Perfect Meringue for Topping Pies
(from _Farm Journal's Complete Pie Cookbook_)

For 9" Pie

3 egg whites
1/4 tsp Cream of Tartar
1/4 tsp Salt
1/2 tsp Vanilla
6 Tbsp Sugar

Have egg whites at room temperature to obtain greatest volume.
Place them in a medium bowl with Cream of Tartar, salt and vanilla.
Beat with electric or hand beater, at medium speed, until entire
mixture is frothy. Do not beat until eggs stiffen.
Add Sugar, a little at a time, beating well after each addition. Do
not underbeat. Beat until sugar dissolves to help prevent beading
(those brown syrup drops on top). To test, rub some of the meringue
between your fingers to see if it's grainy. (The grains are
undissolved sugar.) Continue to beat until stiff, pointed peaks form
when you lift beater slowly.
Place spoonfuls of meringue around edge of pie filling, spreading it
so it touches inner edge of crust to seal all around. This prevents
shrinkage. Pile remainder of meringue in center of pie and spread to
meet meringue around edge. If the filling is not covered completely,
the oven heat may cause it to weep. (Stirring the cooked filling may
cause it to weep; water will collect under the meringue.) Lift up
meringue over pie in points with back of teaspoon.
Bake in moderate oven (350F) 12 to 15 minutes, or until meringue
peaks are golden brown. Too long baking may cause weeping. Cool
gradually away from drafts.
NOTE: You can substitute 1 tsp. Lemon juice for Cream of Tartar
when making meringues for lemon, LIME and orange pies. The acid in
the juice gives the same result -- a wonderful meringue!!


sch...@in.net

unread,
Mar 24, 1996, 3:00:00 AM3/24/96
to
no...@earthnet.net (unknown) wrote:

>Does anyone have any recipes for KEY LIME PIE. I want to try
>making this but I do not have any recipes.

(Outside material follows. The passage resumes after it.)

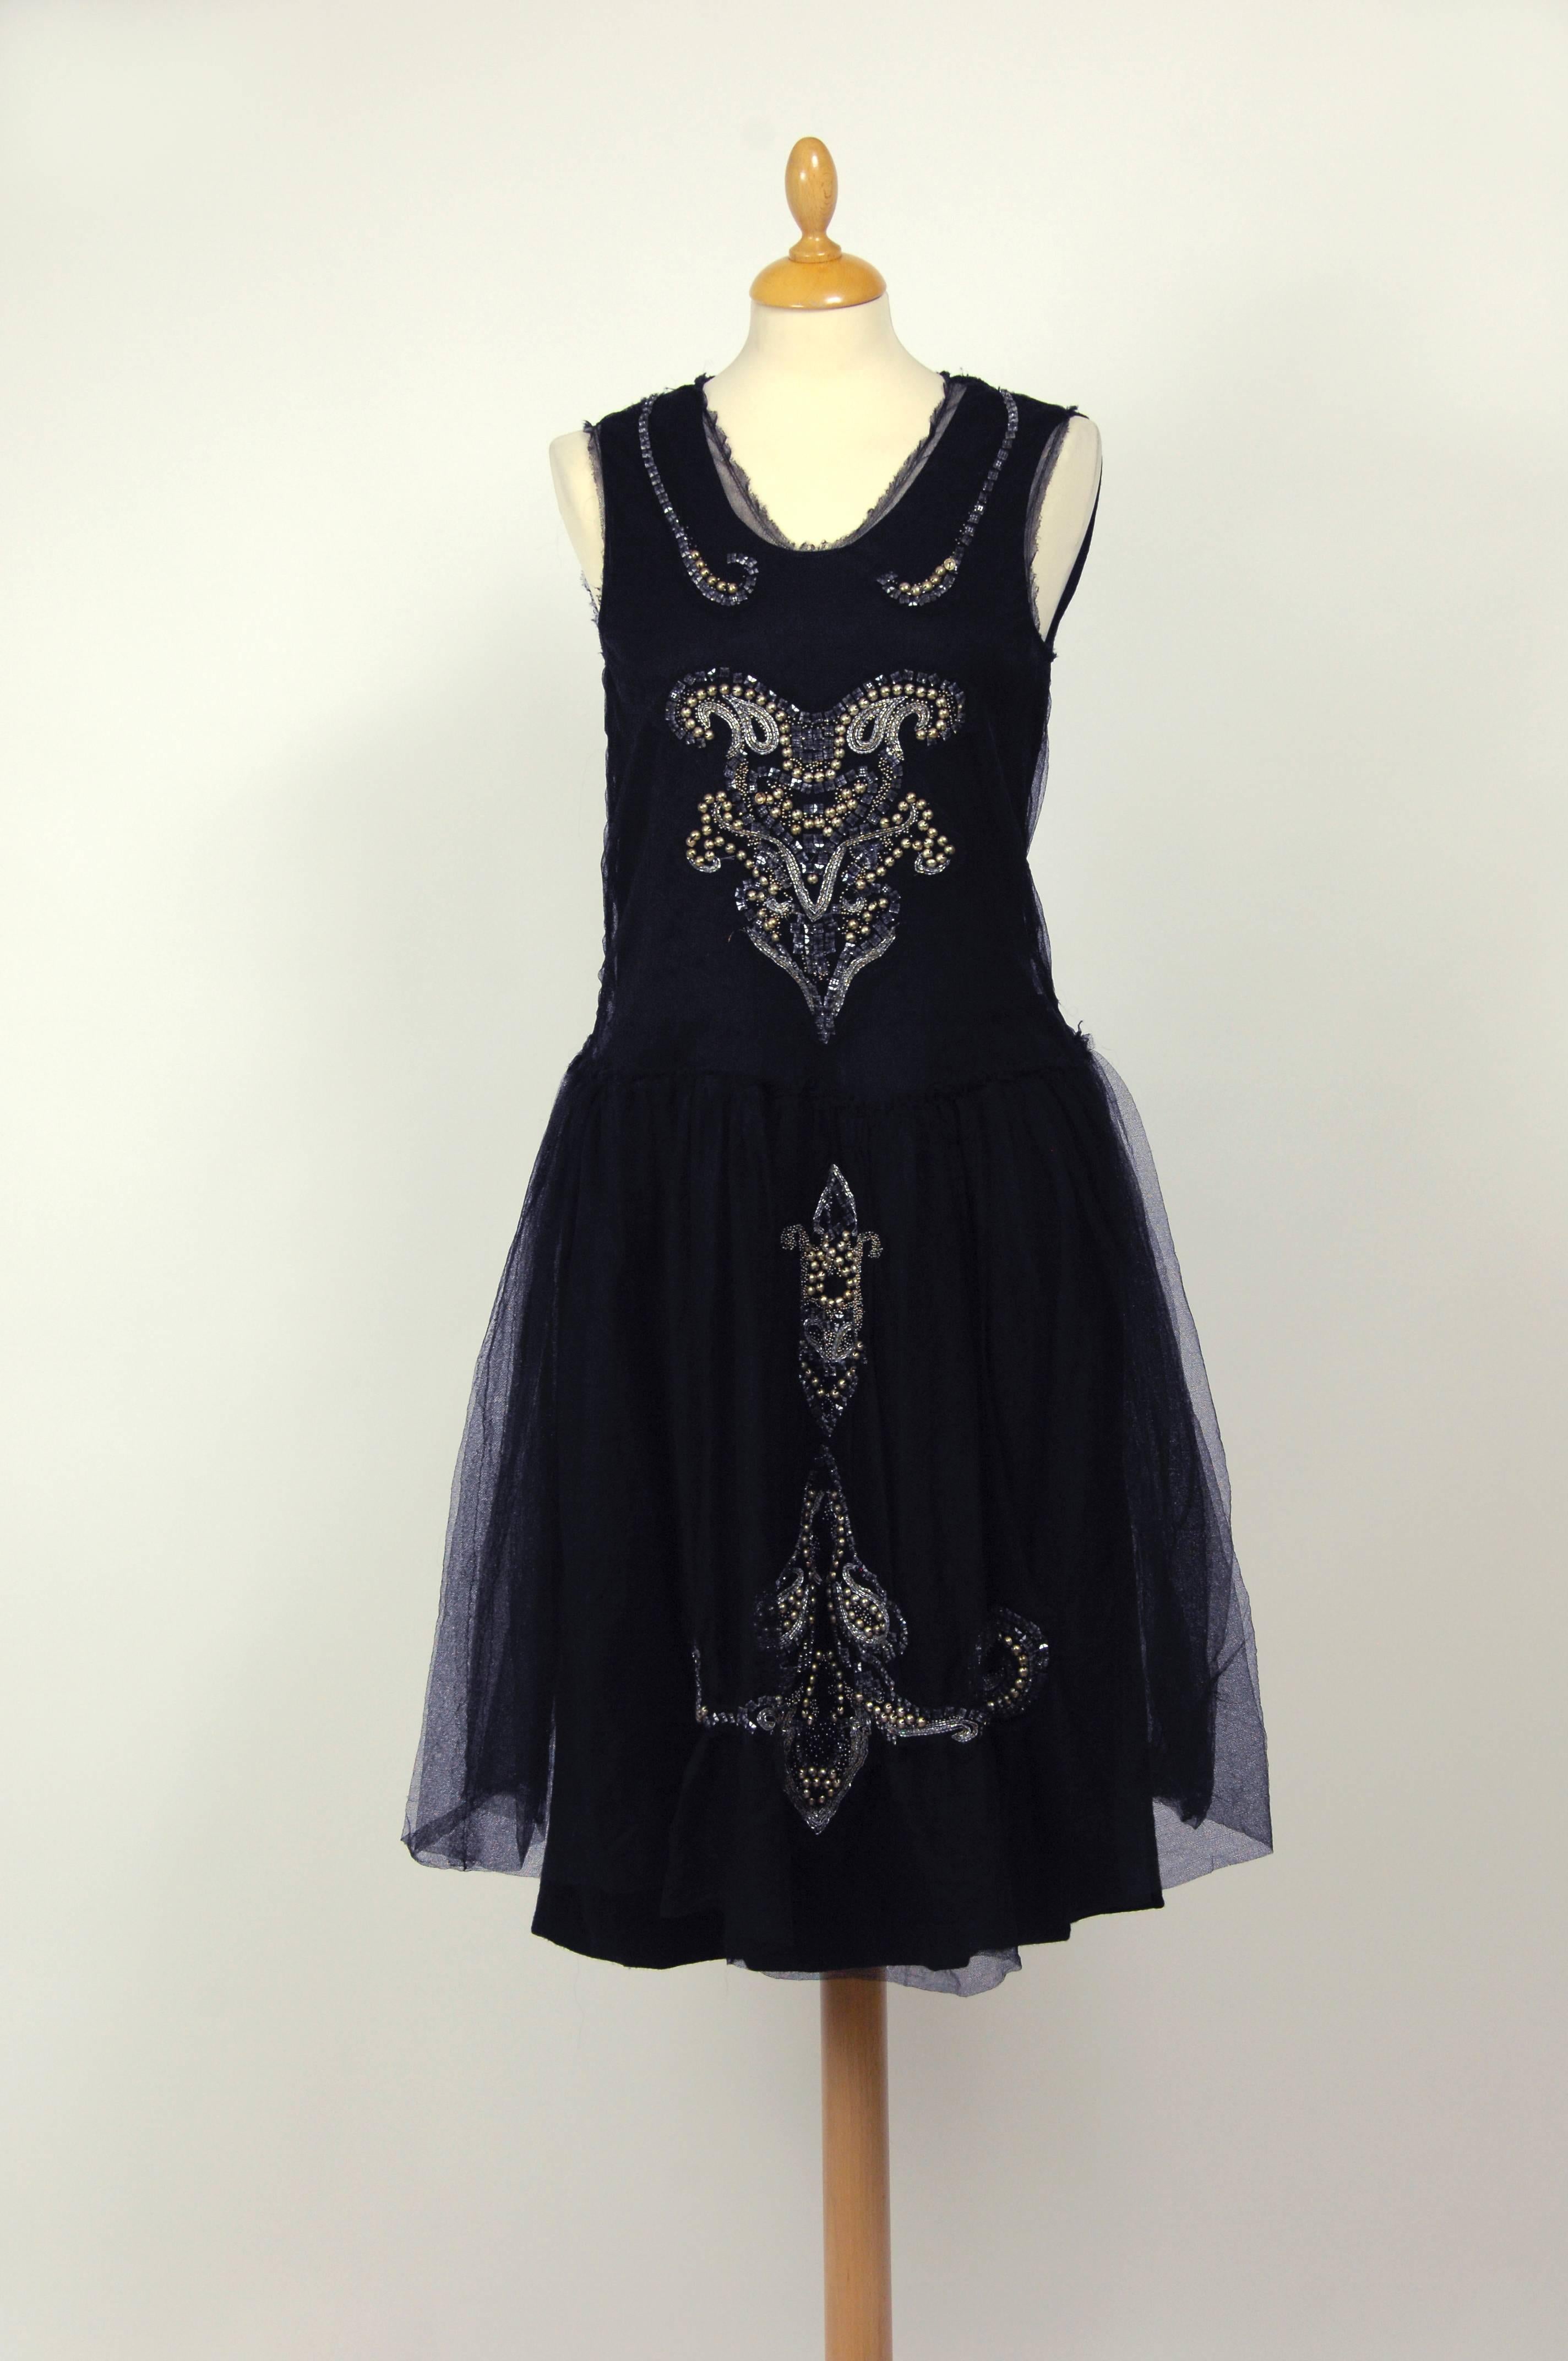 This gorgeous Lanvin dress has a dress in a black woolen fabric and a 20s style dress in a black tulle fabric. The woolen dress is sleeveless and has side zip closure and crinoline hips and skirt lined. The tulle dress is sleeveless and embroidered

>Please respond to: Gha...@boulder.earthnet.net

Boring, boring, boring...now *this* is a lime dessert:

* Exported from MasterCook *

Lime Fool with Stawberries and Kiwi

Recipe By : Bon Appetit
Serving Size : 4 Preparation Time :0:00
Categories : Desserts

Amount Measure Ingredient -- Preparation Method
-------- ------------ --------------------------------
1/4 cup whipping cream
1/4 cup lime juice
1 teaspoon lime peel -- grated
6 ounces white chocolate -- such as Lindt
3/4 cup whipping cream -- chilled
3 tablespoons sugar
2 cups strawberries -- sliced and hulled
2 kiwi fruit -- peeled, thinly slice
4 whole strawberries
4 lime slices

Bring first 3 ingredients to simmer in heavy small saucepan. Reduce
heat to low. Add chocolate and stir until melted and smooth. Pour into
medium bowl. Refrigerate until cool but not set, stirring
occasionally, about 25 mins.

Beat 3/4 cup chilled cream in another medium bowl to soft peaks. Add
sugar and beat until stiff. Fold cream into white chocolate mixture.

Place scant 1/4 cup sliced berries in each of 4 8 - 10 oz.
wineglasses. Press 3 kiwi slices against sides of each glass. Spoon
1/3 cup cream mixture into each glass. Spoon scant 1/4 cup sliced
berries in center of each, pressing into center so berries do not show
at sides of glasses. Spoon remaining cream over; smooth tops. Cover
and chill at least 2 and up to 6 hours.

To serve, using small knife, make lengthwise cuts in whole
strawberries without cutting through stem ends. Fan 1 strawberry atop
each dessert. Attach lime slice to rim of glass.

- - - - - - - - - - - - - - - - - -

And a very, very pretty dessert, too!